Este grupo perteneció a las fuerzas comandadas por Melissa Margarita Calderón Ojeda “La China”, detenida días después de que cayera parte de su organización. Otro de los miembros de la organización para “Los Dámaso” es Oswaldo Pastrana Zacarías “El Oso”, identificado en la lista criminal de las Fuerzas Armadas cojo brazo armado para “El Javier” y que a su caída pudo ingresar a la parte alta por el control de San José del Cabo. Este último, identificado tras las declaraciones de Jovanny Núñez Espino “El Loco” a mediados de mayo de 2015; y es que el presunto sicario fue detenido tras una persecución al robarse una camioneta Ford Raptor. Según detalló un oficial que participó, “El Loco” “agarró un camino vecinal y se metió por la terracería que atraviesa de la carretera a Los Planes a Forjadores, sale por Mezquitito, pero perdió el control de la camioneta y se estrelló”. 

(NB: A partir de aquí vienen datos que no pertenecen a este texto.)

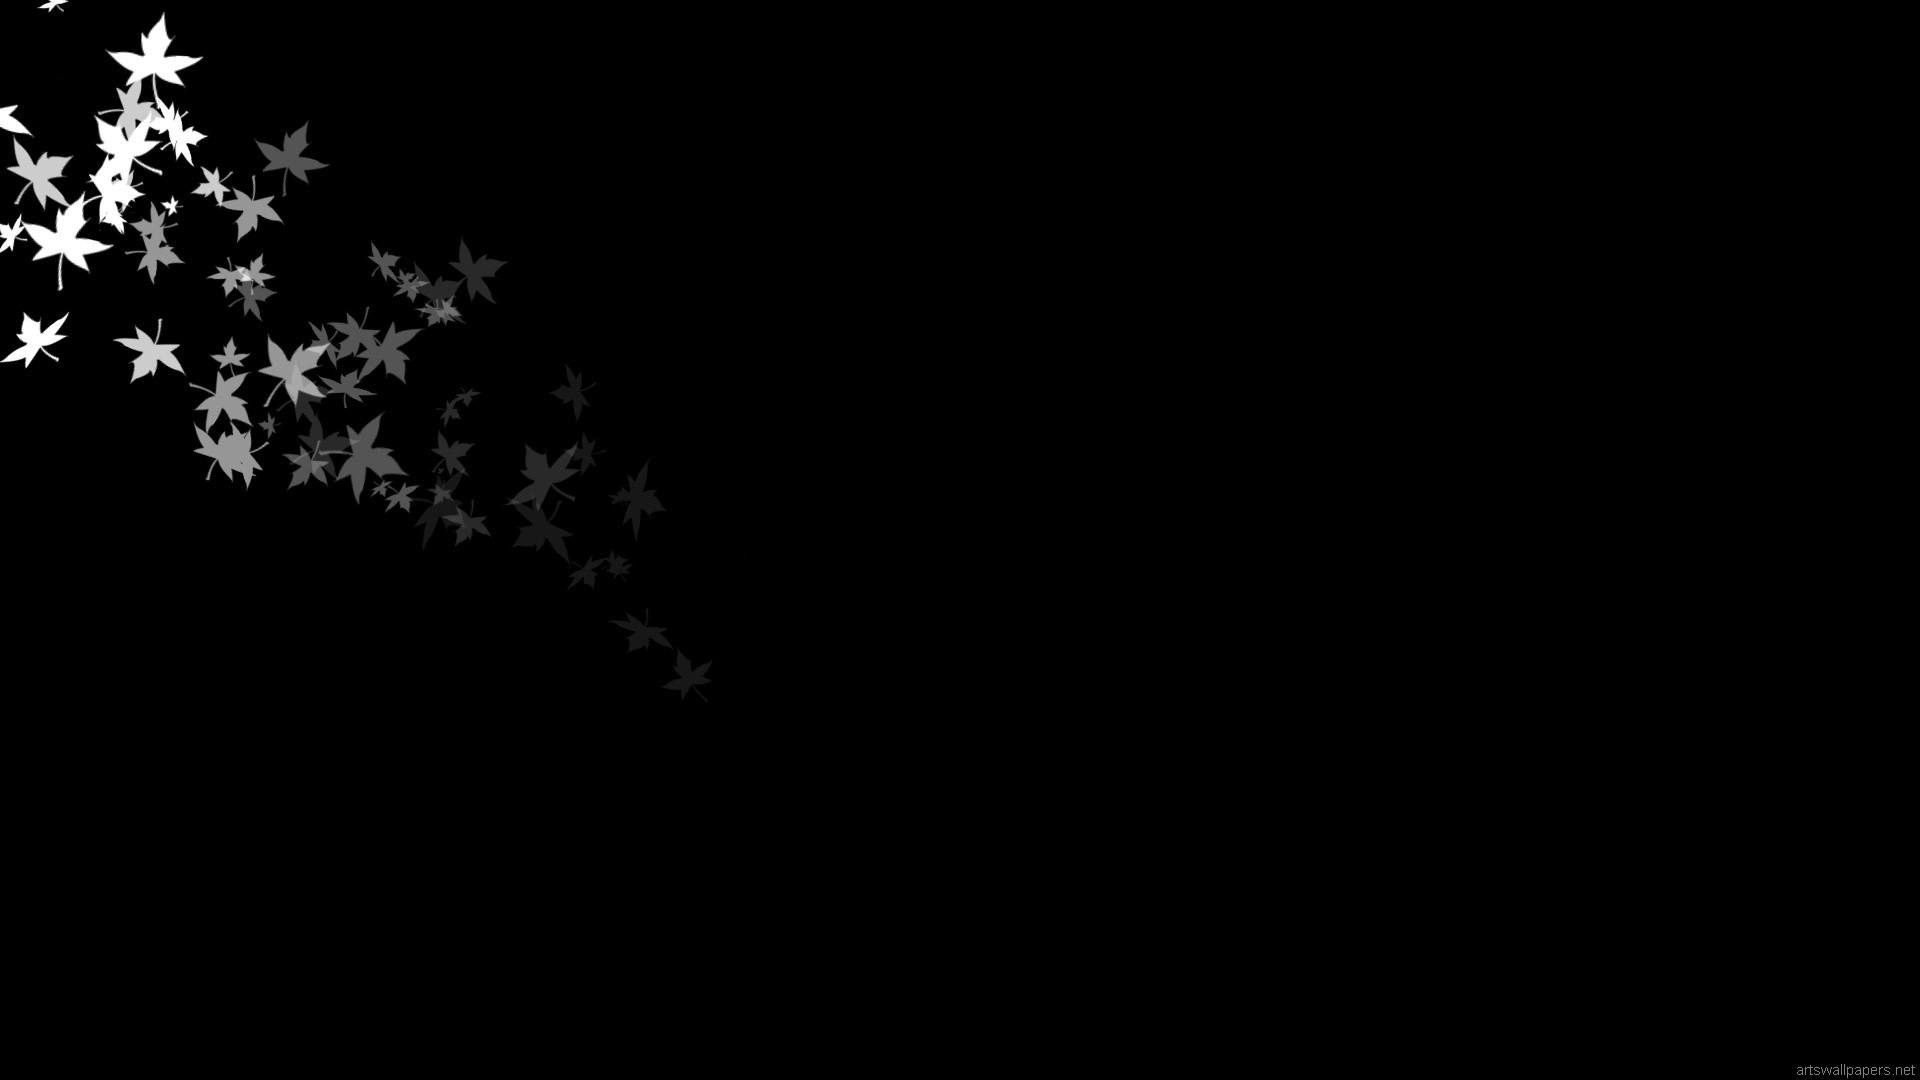 Dark Wallpaper Hd Download Free Amazing Full Hd Backgrounds
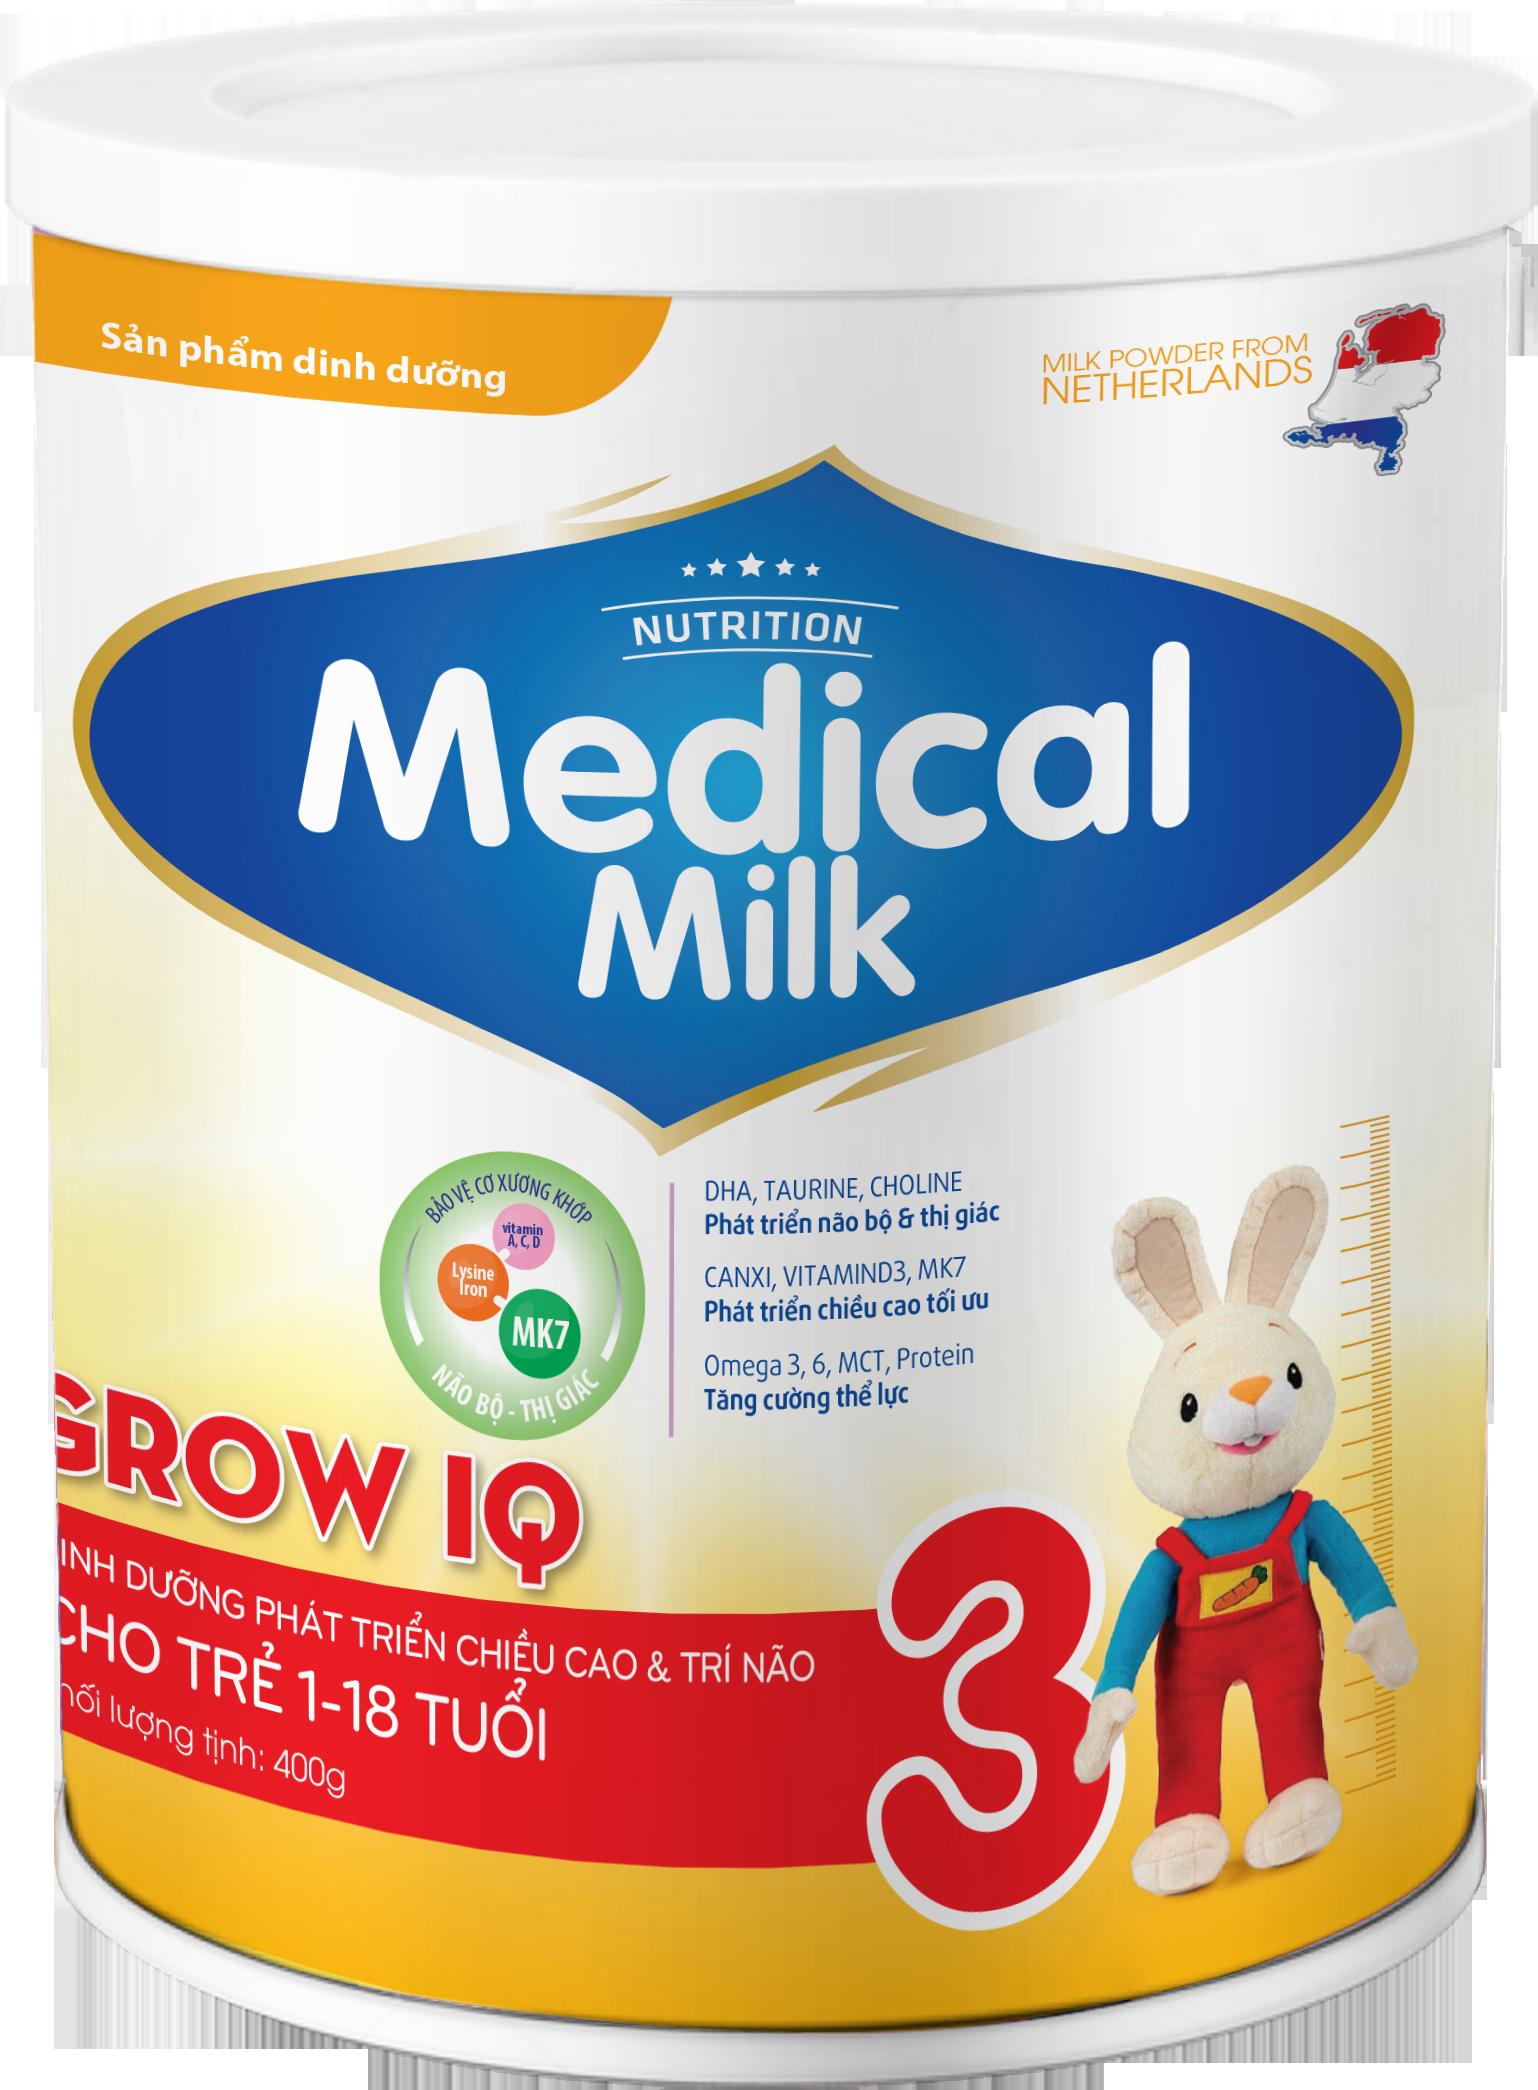 MEDICAL MILK GROW IQ 400g

Luego del choque, el presunto delincuente, accionó en varias ocasiones una pistola nueve milímetros en contra de los oficiales y, una vez que quedó sin balas, fue detenido. El presunto sicario dijo haber estado “bajo el mando de ‘La China’, pero en ese tiempo era buscada y se escondió”, comentó un agente, ahí les dio “luz”: “Mientras ella estaba escondida, operaba con ‘El Oso’, el cual había llegado recientemente a reforzar a la organización de ‘Los Dámaso’”, expresó la fuente. De acuerdo a los datos que se han obtenido, cuando la guerra estaba en un momento álgido, este sujeto ingresó como jefe de sicarios. Las investigaciones apuntan a que, mientras “El Oso” permaneció como líder de la célula de “Los Dámaso” en la entidad, la ola de violencia incrementó en La Paz y Los Cabos. 

“Aún está operando”, concluyó el entrevistado. La lucha y la violencia por establecer un control en el trasiego de sustancias ilícitas, prevalece en Los Cabos. Cuatro muertos, fue el saldo de un atentado en la noche del 28 de octubre en la colonia Centro de Ciudad Constitución. Los últimos muertos Desde el jueves 28 de octubre al cierre de esta edición, se tenían contabilizados nueve muertos en menos de una semana en La Paz, Los Cabos y Comondú; el último ataque armado ocurrió en San José del Cabo, donde sicarios dispararon al interior de la taquería La Caperucita. 

Según el reporte preliminar, dos personas perdieron la vida y un comensal resultó lesionado de gravedad, por lo cual fue trasladado al Hospital General de San José del Cabo. De manera extraoficial, los fallecidos respondían a los nombres de Kener Esteban Rodríguez y Exau Soto Pérez, empleados de la taquería, incluso se habla que uno de estos pudiera ser “El Caperuzo”, dueño del negocio. 

El lesionado permanece en calidad de desconocido y al cierre de esta edición, se debatía entra la vida y la muerte, a lo que podría ser el primer daño colateral en la lucha por el control de la plaza de San José del Cabo. Sin embargo, los eventos iniciaron desde el 28 de octubre, con tres ejecutados en Ignacio Allende, entre Valentín Gómez Farías y Lerdo de Tejada de la colonia Centro de Ciudad Constitución, en Comondú. Un lesionado perdió la vida al día siguiente; en aquella comunidad dos más resultaron muertos, luego que un comando armado disparara en contra de los hermanos Eduardo y Gabriel Morales Rosales. 

En La Paz, el 30 de octubre fueron localizados los restos de una persona del sexo masculino con una cortada en el cuello, muy cerca de la colonia El Palmar II y, el 2 de noviembre, Jesús Francisco Carrillo Lizárraga “El Biyo”, de 28 años de edad, recibió un disparo en la nuca dentro de su domicilio.